Work to complete:
Aside from the pictures, copy the listing exactly.

The data:
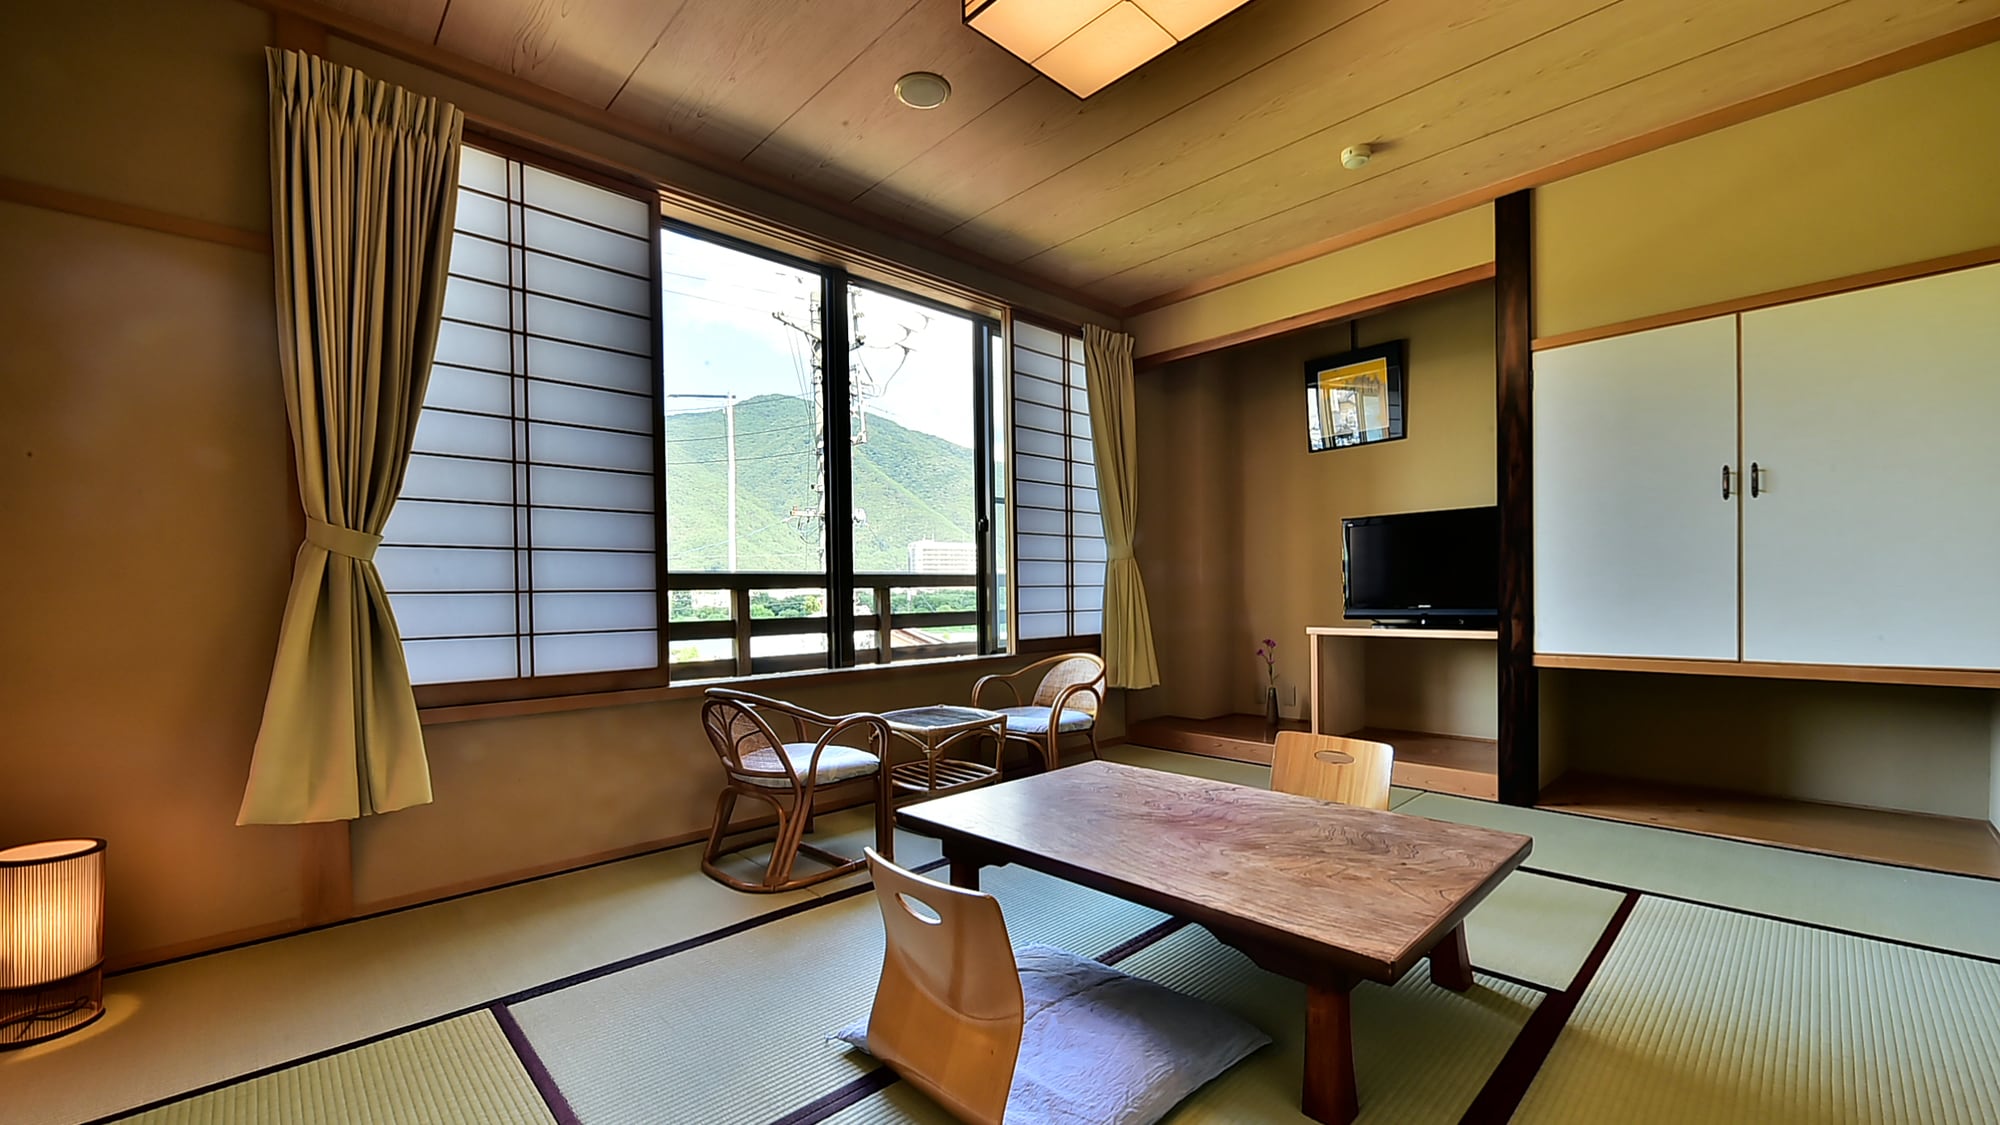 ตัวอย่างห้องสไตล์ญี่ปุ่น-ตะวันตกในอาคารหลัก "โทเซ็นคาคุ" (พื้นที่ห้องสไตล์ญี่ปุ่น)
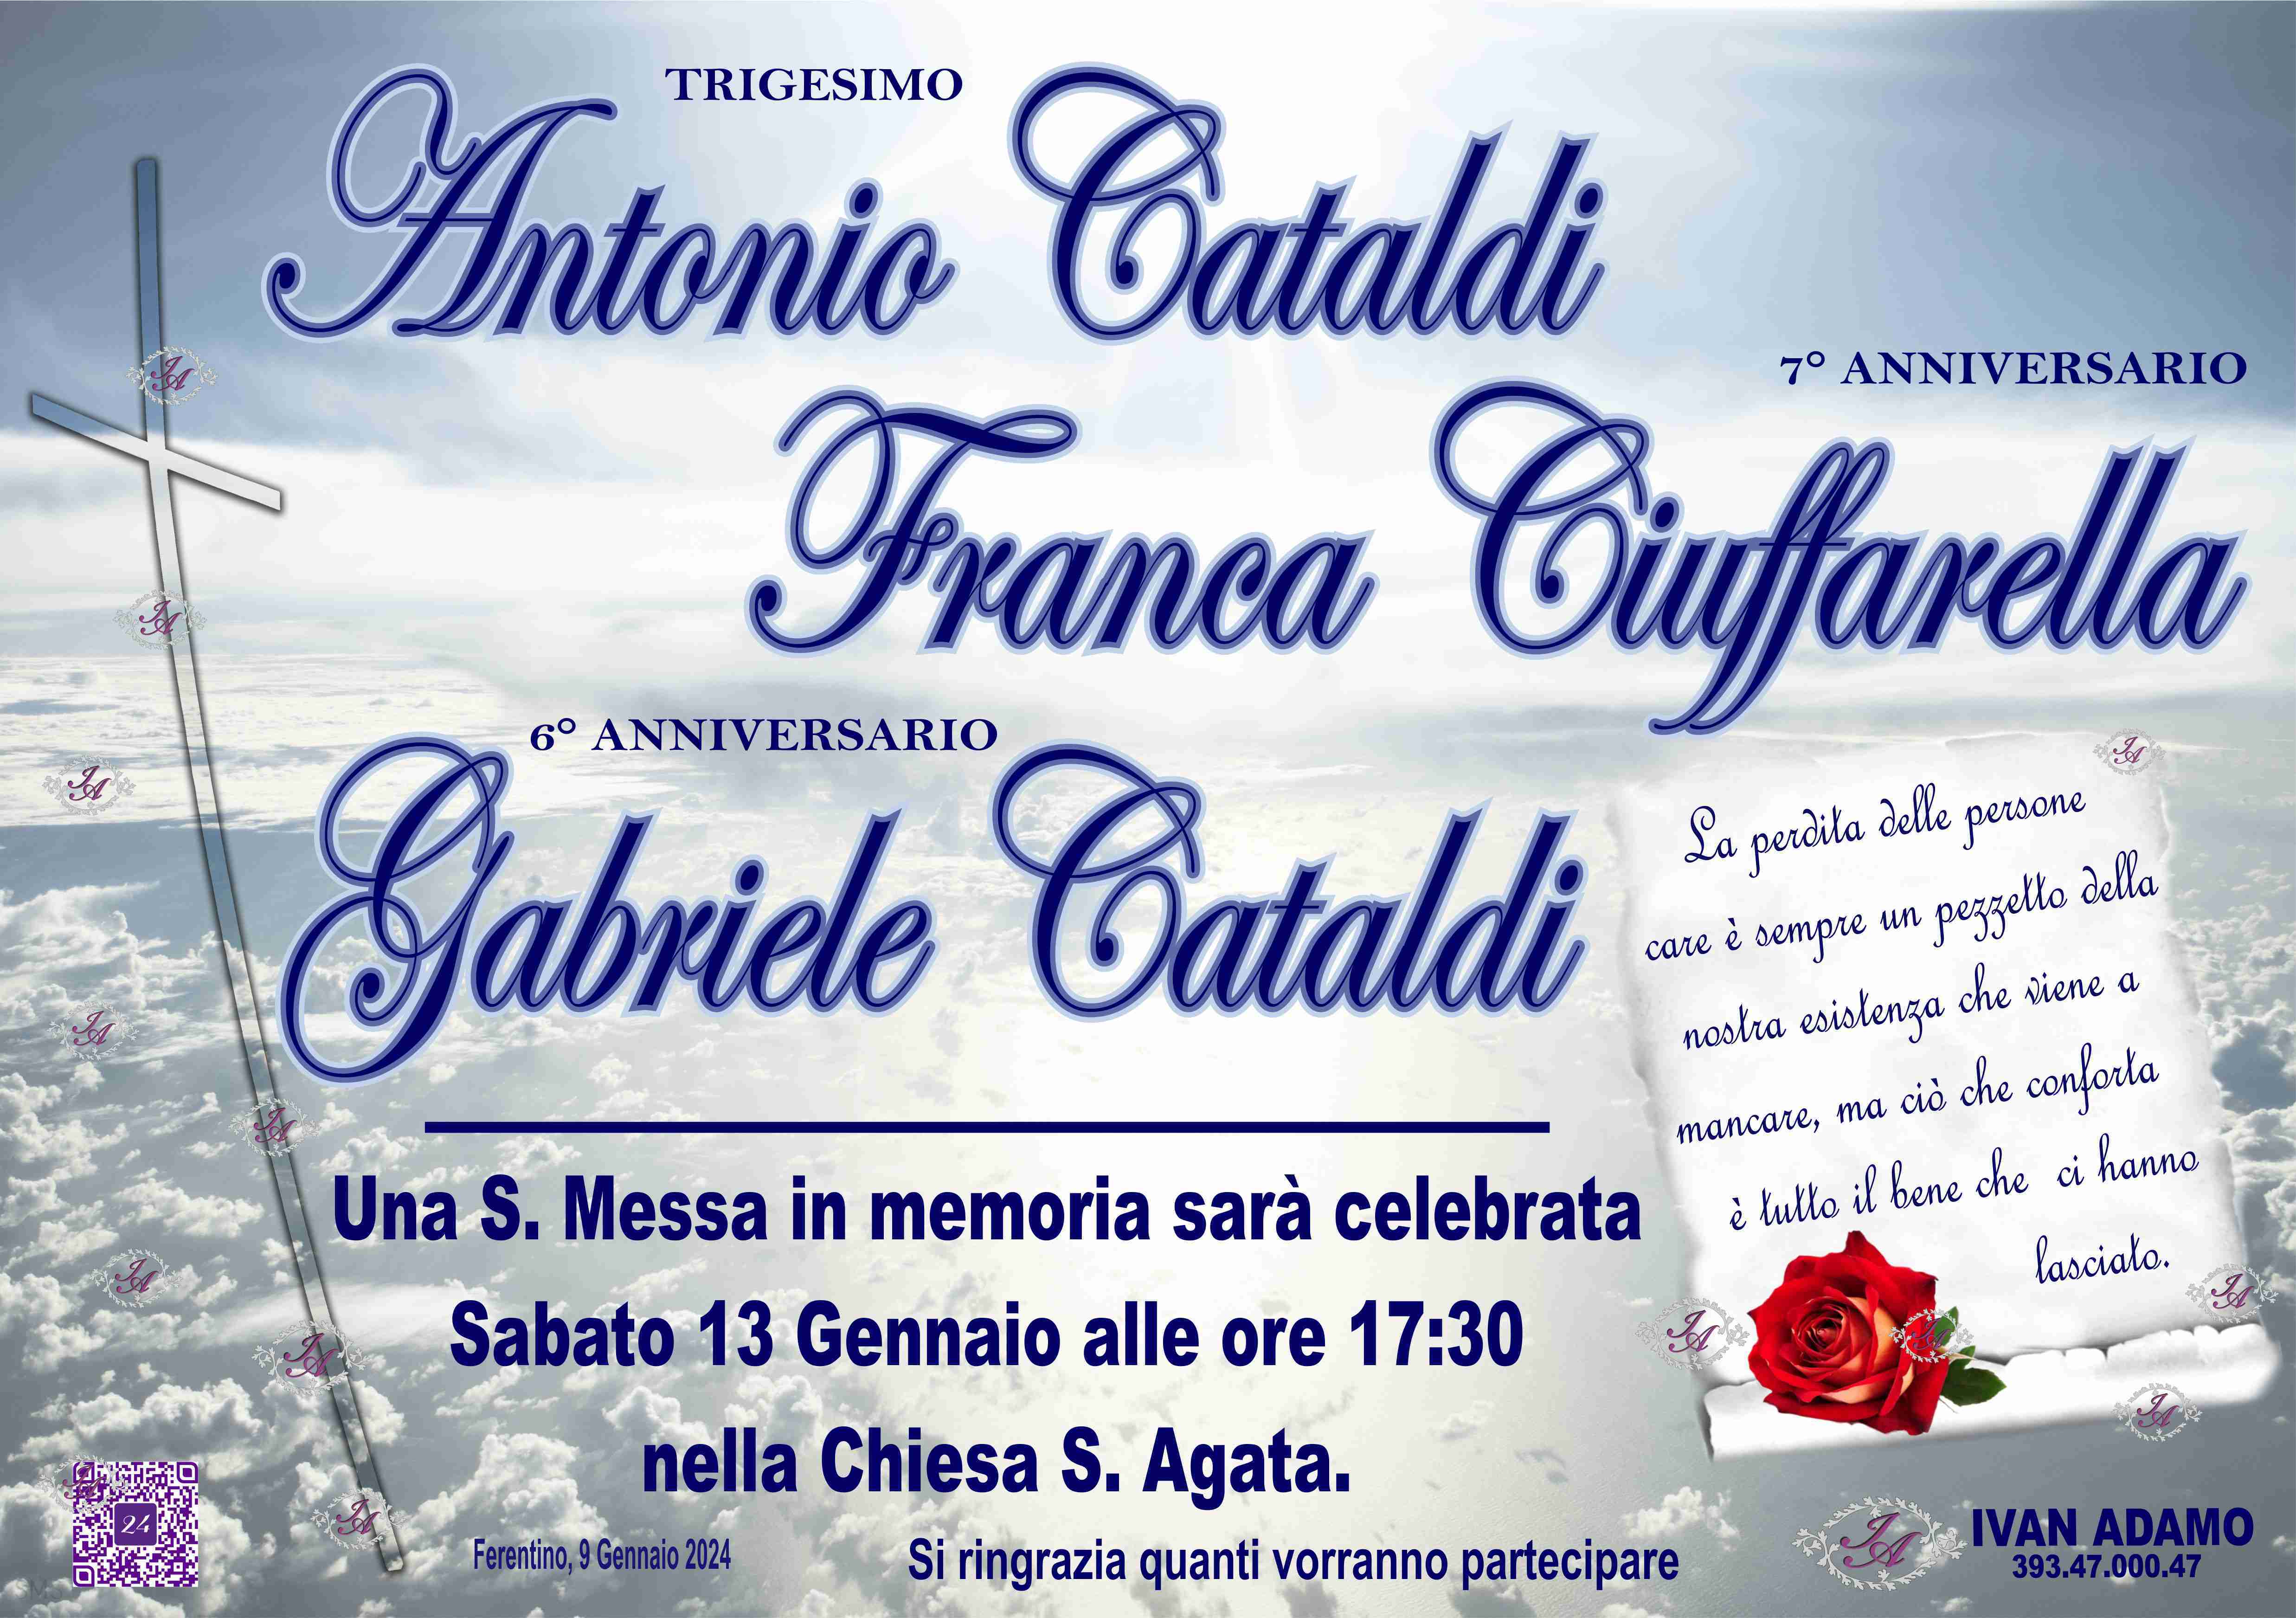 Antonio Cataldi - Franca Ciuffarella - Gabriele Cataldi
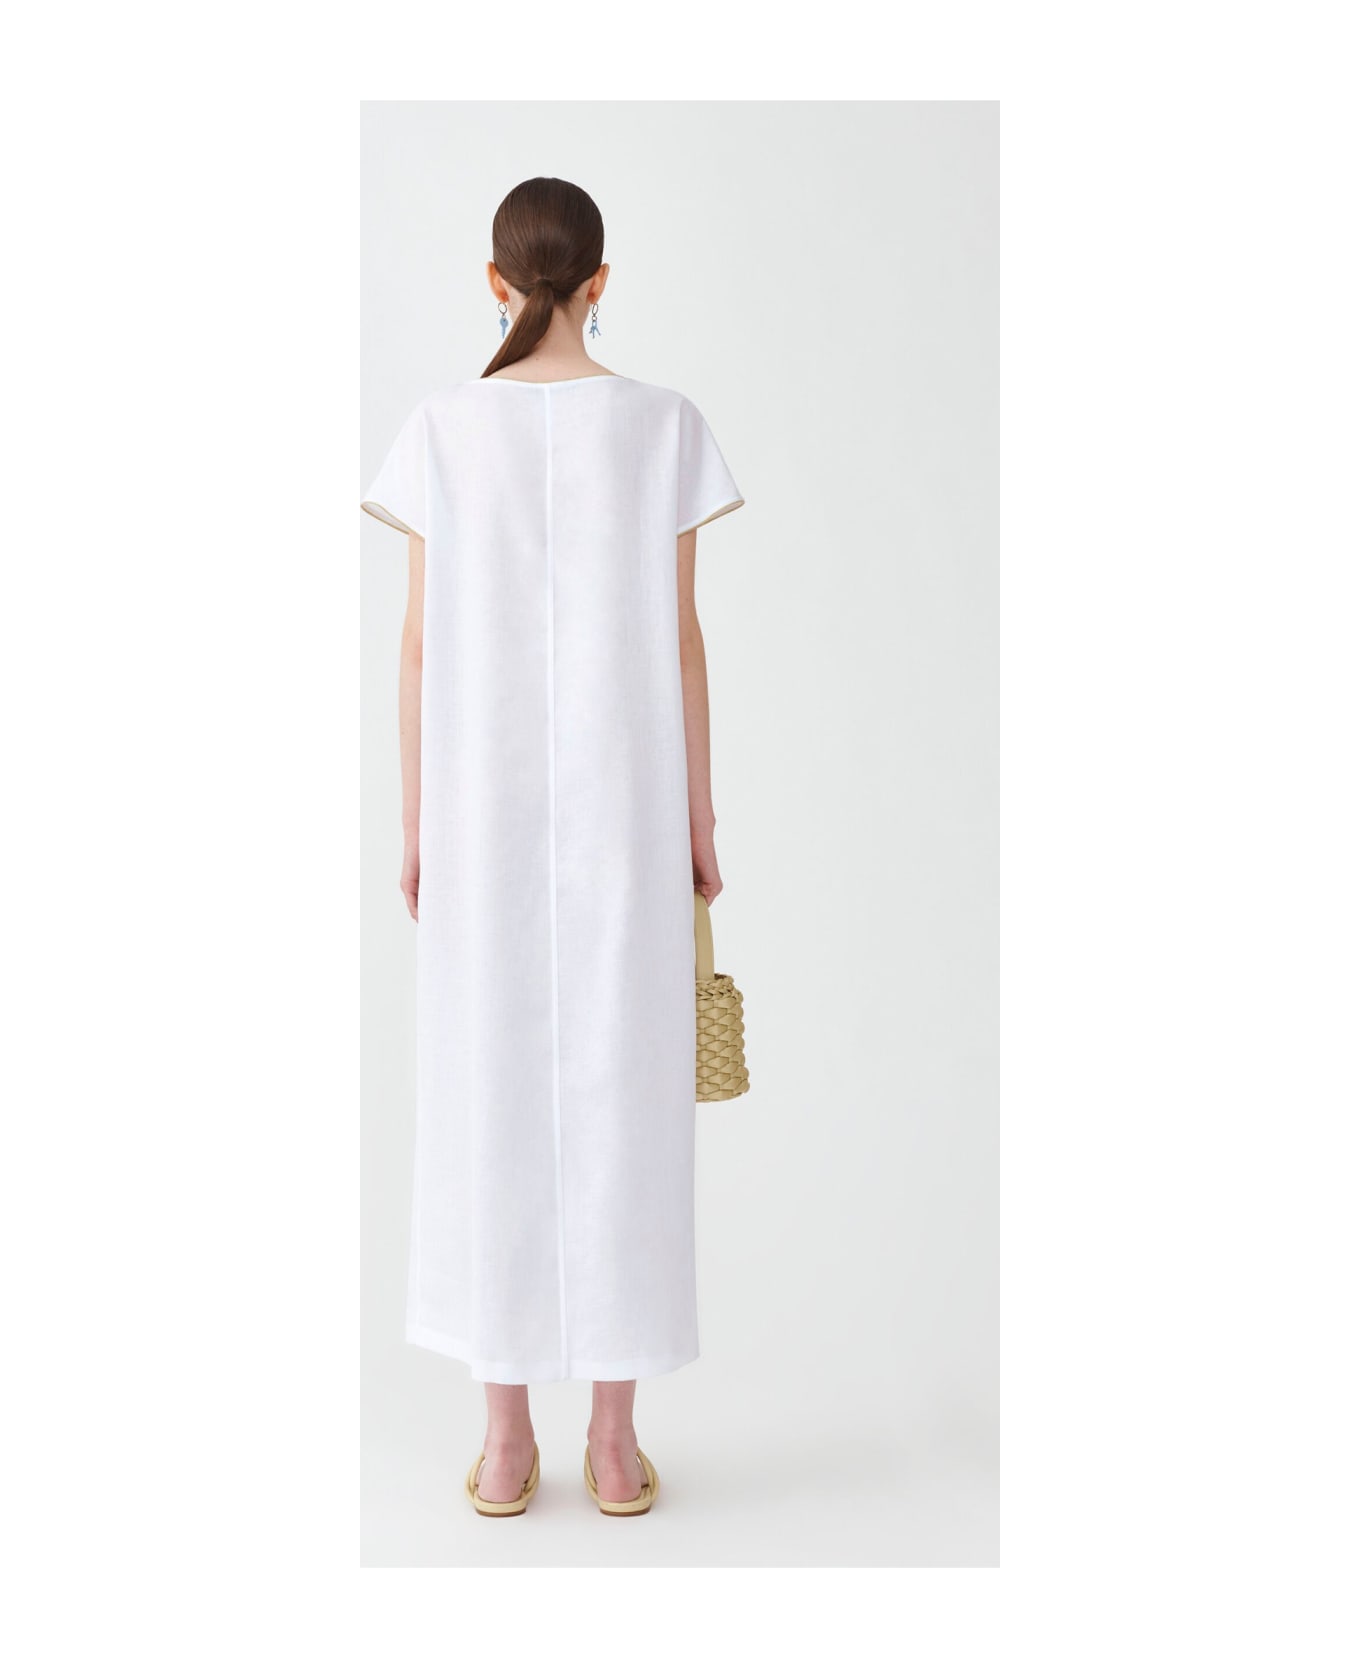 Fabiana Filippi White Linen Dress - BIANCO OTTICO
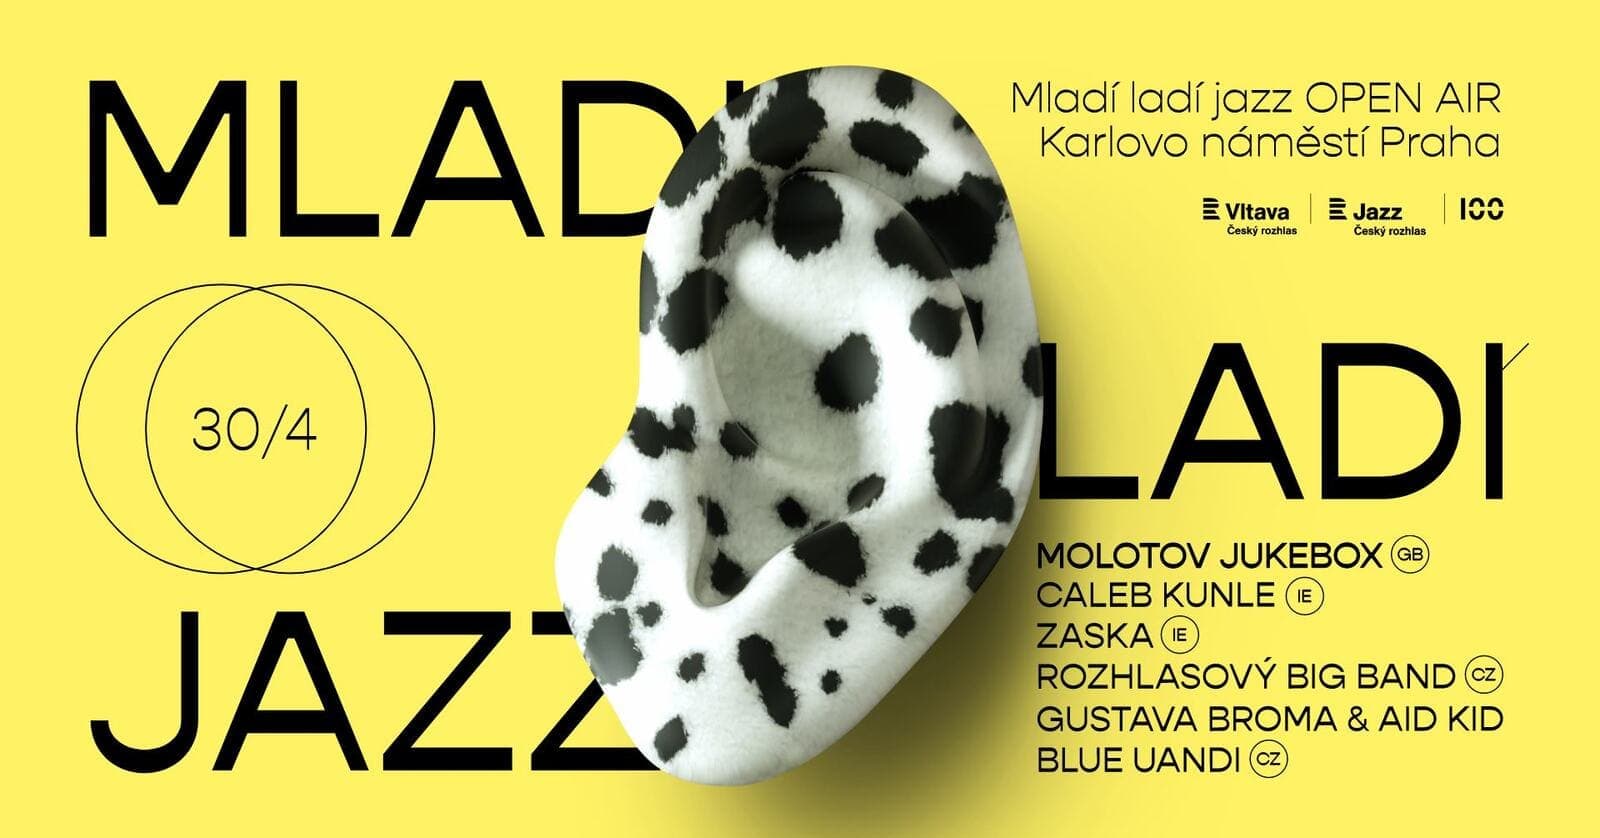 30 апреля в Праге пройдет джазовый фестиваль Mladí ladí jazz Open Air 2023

Result of this exercise:
 ตัวอย่างห้องสไตล์ญี่ปุ่น-ตะวันตกในอาคารหลัก "โทเซ็นคาคุ" (พื้นที่ห้องสไตล์ญี่ปุ่น)
 Antonio Cataldi - Franca Ciuffarella - Gabriele Cataldi
 Fabiana Filippi White Linen Dress - BIANCO OTTICO
 30 апреля в Праге пройдет джазовый фестиваль Mladí ladí jazz Open Air 2023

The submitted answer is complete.